We present a method that uses complete textual profiles of MEDLINE abstracts instead of term co-occurrence information. It can be expected that two genes involved in the same pathology have a comparable textual profile. Therefore, the cosine-based distance between the weight vectors of their profiles is a valid measure for the similarity between them.

We created several textual profiles for every genetic locus in LocusLink and repeated this for differ-ent domain vocabularies. Again, the vocabularies define which aspect of the literature describing these loci is emphasized. They allow us to filter irrelevant information and focus on the information germane to the query at hand. In the example below we compare the performance of two vocab-ularies: one consisting of terms and phrases extracted from GO, and one comprising pathology terms and phrases derived from OMIM’s Morbid Map.

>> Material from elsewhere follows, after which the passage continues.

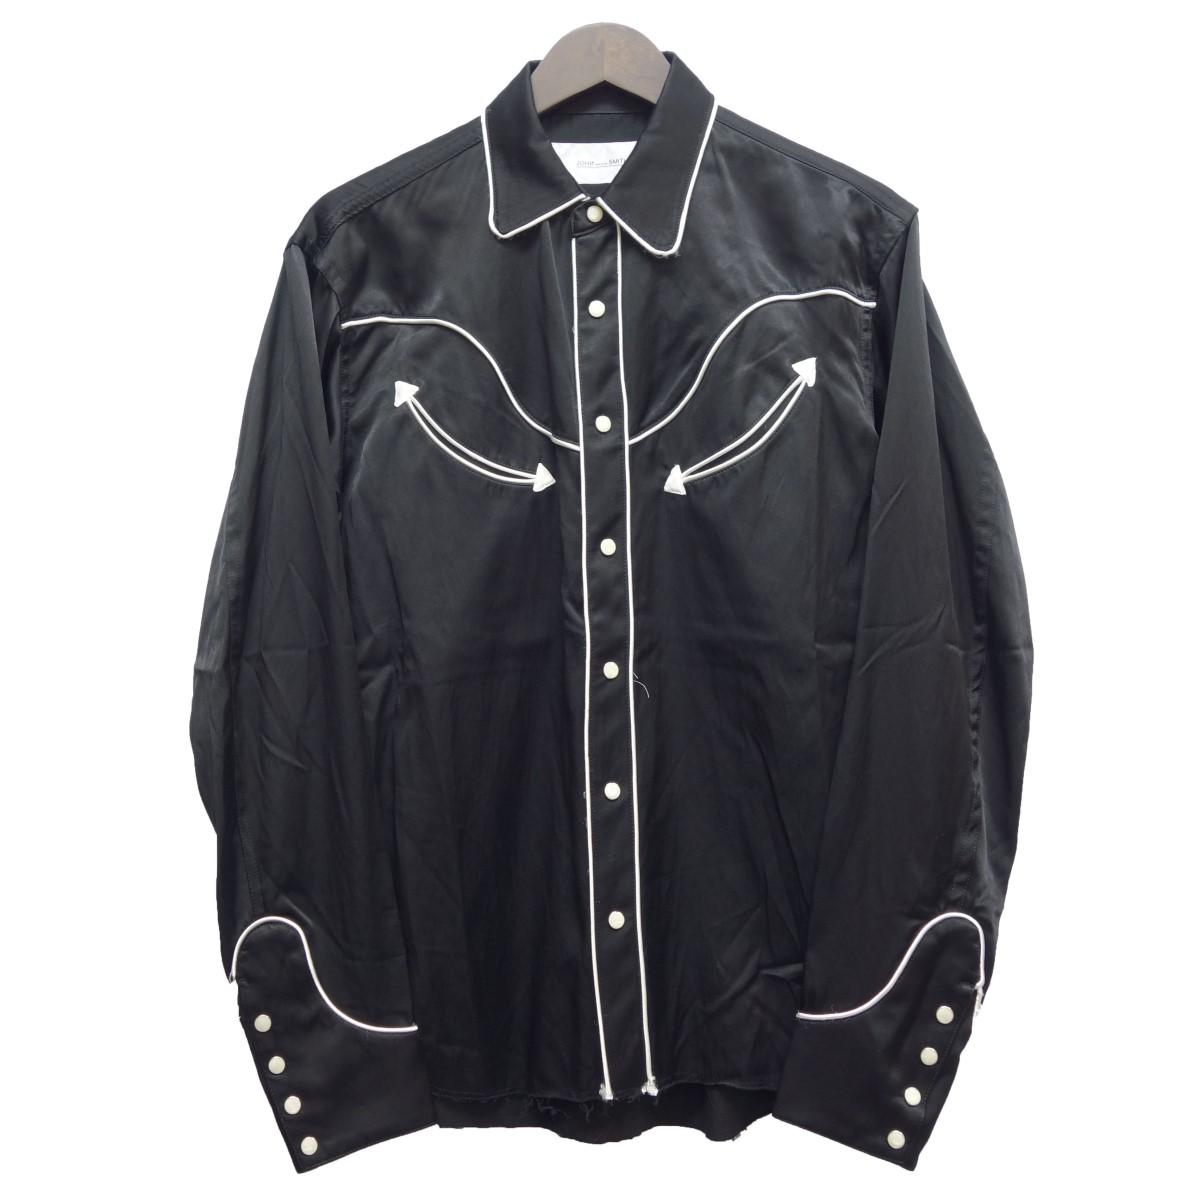 【中古】JOHN MASON SMITH ウエスタンシャツ ブラック サイズ:S 【160420】(ジョンメイソンスミス)

Another advantage of working with textual profiles is the straightforward way we can construct disease models. We assume that the literature about a set of genes known to be involved in a certain pathological condition contains all the relevant information and that the average textual profile of all profiles of these genes is a sound model for this pathology. Once a model is built this way, we can prioritize a list of genes by measuring the cosine similarity between the weight vectors of all gene profiles and the weight vector of the model.

The Charcot-Marie-Tooth (CMT) disease will be used to exemplify our approach. We retrieved all genes known to be involved in the disease from OMIM’s Gene Map, resulting in a training set of 16 genes. Our model consists of the average textual profile of all gene profiles.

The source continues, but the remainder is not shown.